Hacker Newsnew | past | comments | ask | show | jobs | submitlogin
Toolformer: Language Models Can Teach Themselves to Use Tools (arxiv.org)
220 points by jasondavies on Feb 11, 2023 | hide | past | favorite | 45 comments


Here is a little GIF demo: https://twitter.com/timo_schick/status/1624058382142345216

The possibilities of this line of research are endless. When language models can call APIs and/or use UIs, they can become the unified natural language interface to any software, any website, any app. See also https://www.adept.ai/act.

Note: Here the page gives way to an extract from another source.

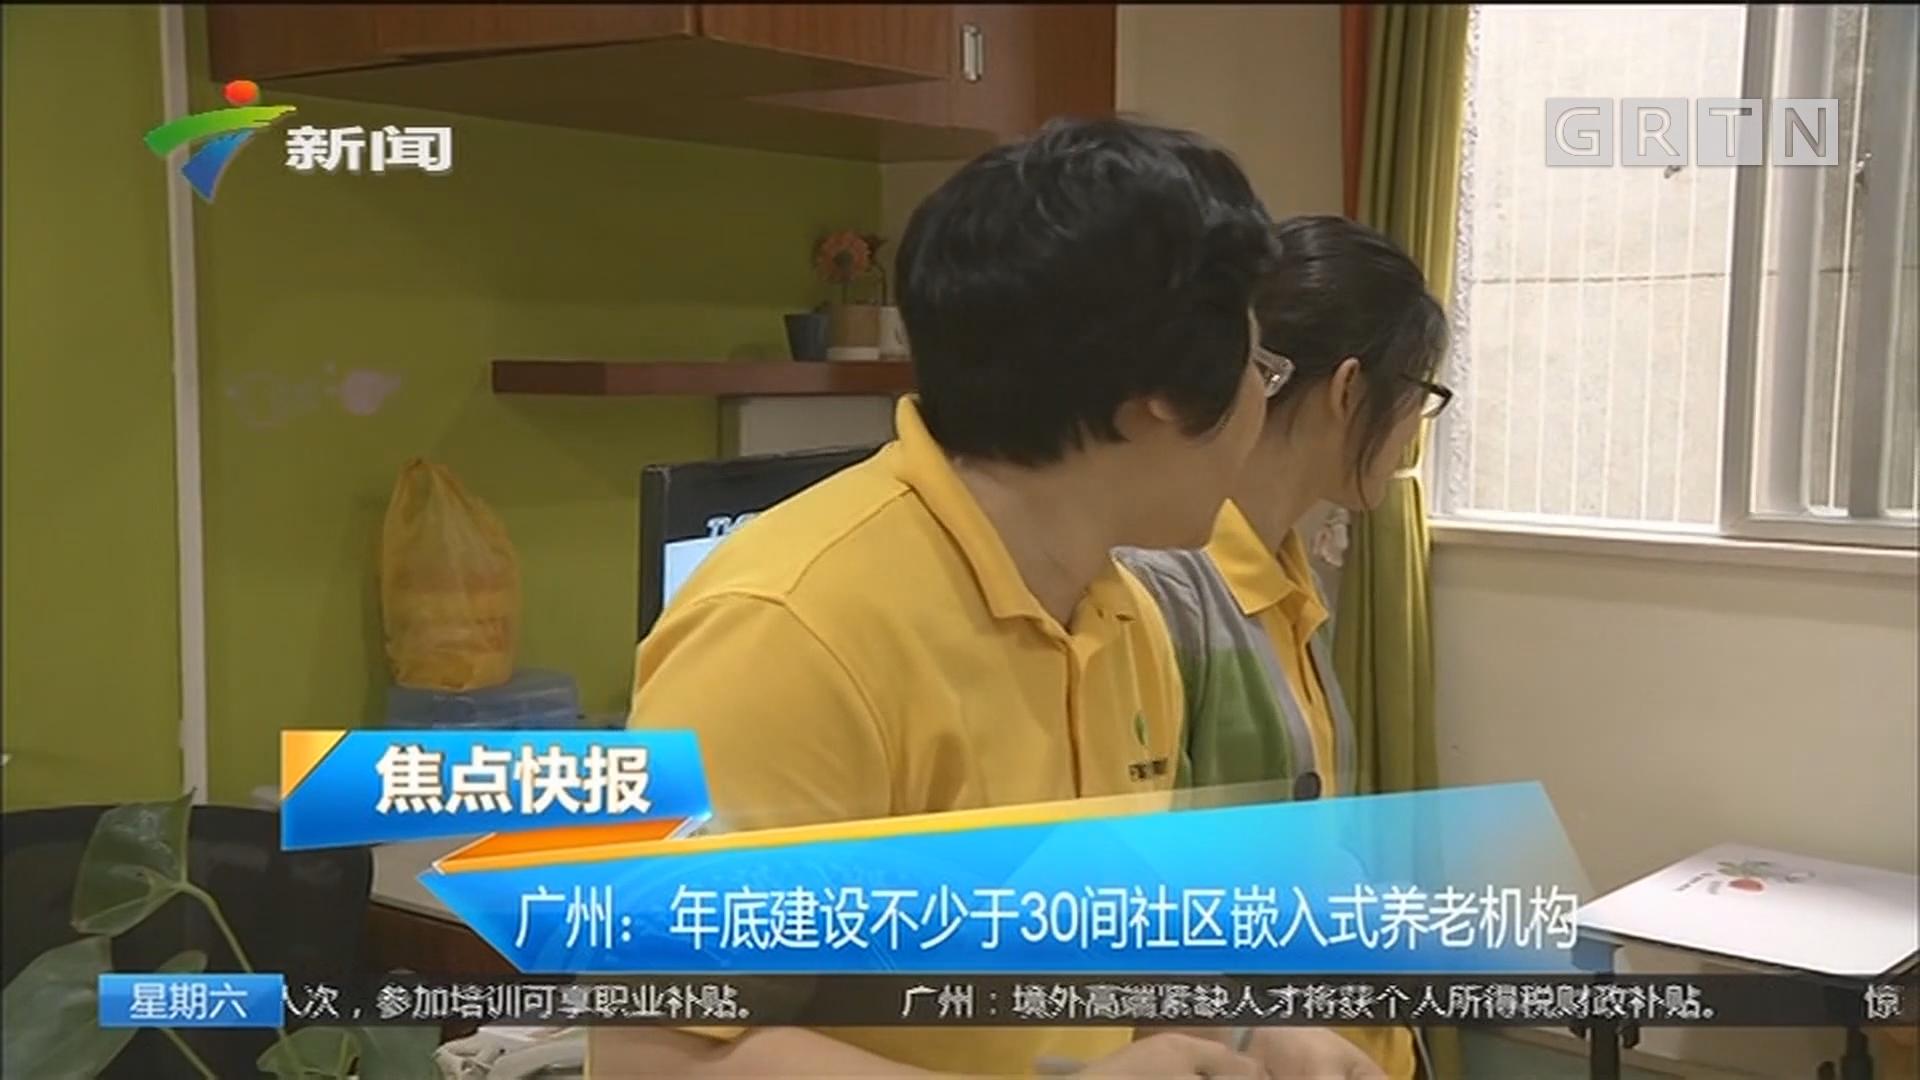 广州:年底建设不少于30间社区嵌入式养老机构

Siri and Alexa and Google Assistant are dead ends. Language models trained to use tools will finally be able to start delivering on the promise of a software assistant that works. And eventually, they will be a key part of robots that accept natural language commands to perform everyday tasks in the real world, like this: https://sites.research.google/palm-saycan


Can they also perform fact-checking?


The fact checking with prompt chaining[0] repository has something along those lines (their readme has an example).

It is not perfect and it is costly in number of calls to a language model but it does help a lot.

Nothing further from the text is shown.